I actually do not really like the term worldview all that much. I see it as a convenient catch-all term for pigeon-holing “group think.” For this is basically what a worldview is. It is a way of admitting that we all have a way in which we view life that consists of the sum total of our experiences as individuals and as members in various networks of communities. Each of us probably has an individual worldview that might consist of “categorical imperatives,” to use Kant’s phrase, which are either adopted wholesale and uncritically by what we have experienced, or which are hard-earned and fought out through serious criticism of our experiences as individuals within communal histories. In this light, to earn this kind of worldview is to earn a way of coming to terms with who we are as individuals and as members. We are always both. It is possible to speak, perhaps, of my worldview, and it may be possible to speak of the specific worldview of a local community in place. But as a rhetorical and political term, and an apologetic one, it pigeon-holes groups who fall outside of what “we” think and who are in opposition to us.
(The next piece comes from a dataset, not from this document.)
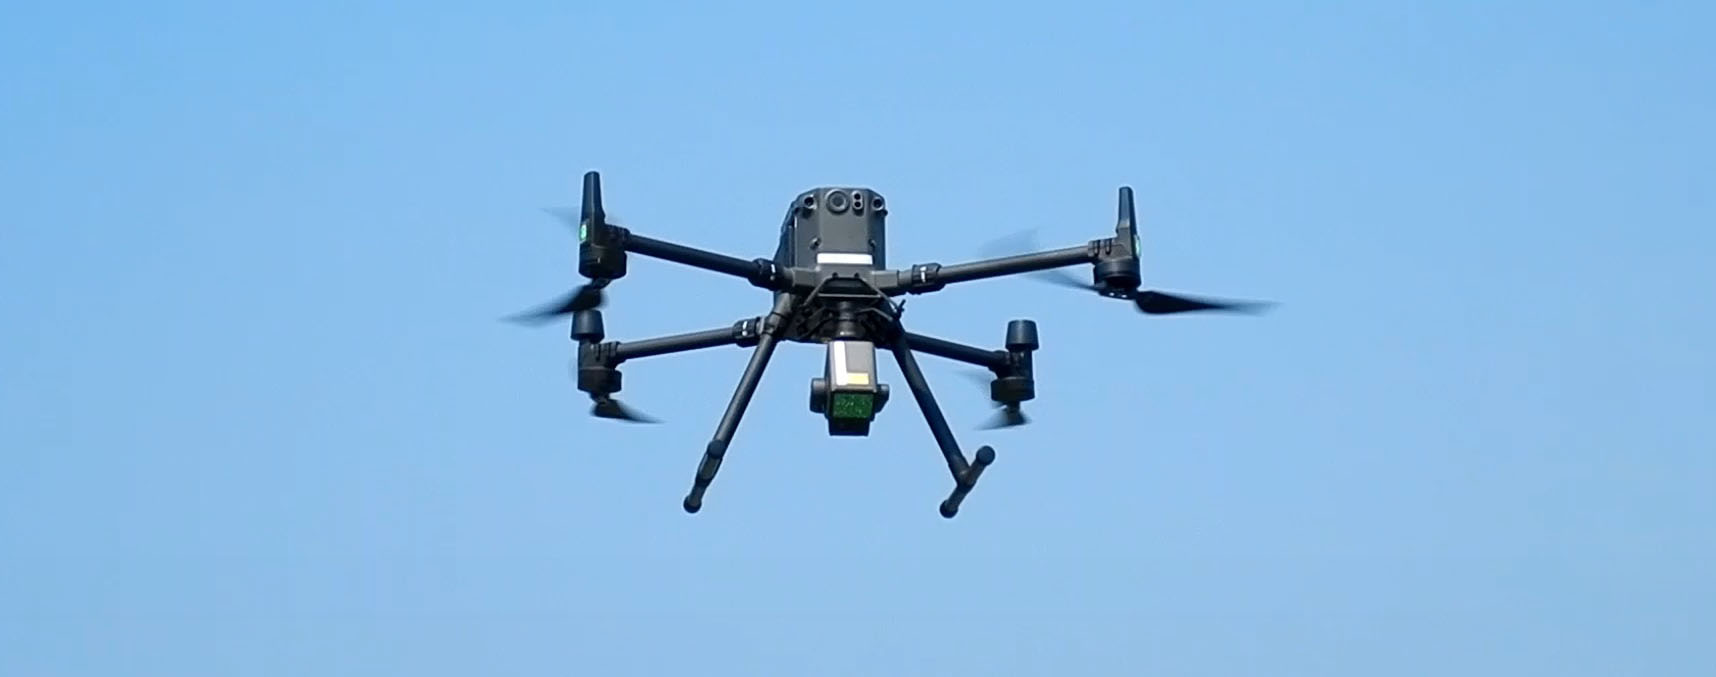 UAV（Unmanned Aerial Vehicle：無人航空機、ドローン）

I do not believe that there is such a thing as “the Christian worldview,” but I do think there is the Christian Apologist’s Worldview that, despite making a lot of noise, in no way speaks for the rest of those of us who do not consider ourselves members of that ideological community. In another post, after we’re done with exams and papers and so forth, I’ll follow this up with the importance of local education in developing an authentic worldview that leads to ethical action and that I believe might justifiably be called A Christian and A Biblical worldview that may even be consistent with a worldview of the founding fathers.
16 comments 5 May 2007
For those readers who have been looking forward to the second part of my original “Failing Religion” post back in … what, March, was it?… I apologize for the delay. But I’m ready now.
It is a little tough to find a good entree to the topic here, so perhaps a story is the way to go. Beloved Wife spent her morning listening to the teens in our church announce their intent to seek confirmation as members in our church, for which each prospective confirmand would read their own personal statement of faith and the church Board would vote to confirm the statement and the “stater” as a member of the community.
Sounded good, if a little routine and rather “going through the motions”-ish. While this was happening in the hall, I was leading a small gathering of folks in our continued study of the Epistle of Jude. Eventually we caught up with each other after church, and Beloved Wife, member of our voting Board of Elders, was clearly distraught, having been absolutely shocked and appalled by what she was hearing from our teen-aged Seekers and which was being approved as Christian statements of faith and worthy of membership into our Christian community of faith. I’m actually being told that “appalled” is not even the right word, even though it’s true; she feels more “betrayed.” Suffice it to say that if she did not know where she was, she would not have been able to discern the difference between our Christian church, our community of faith in Jesus of Nazareth, and any typical Unitarian-Universalist congregation, based on what was acceptable as “Christian” statements of faith.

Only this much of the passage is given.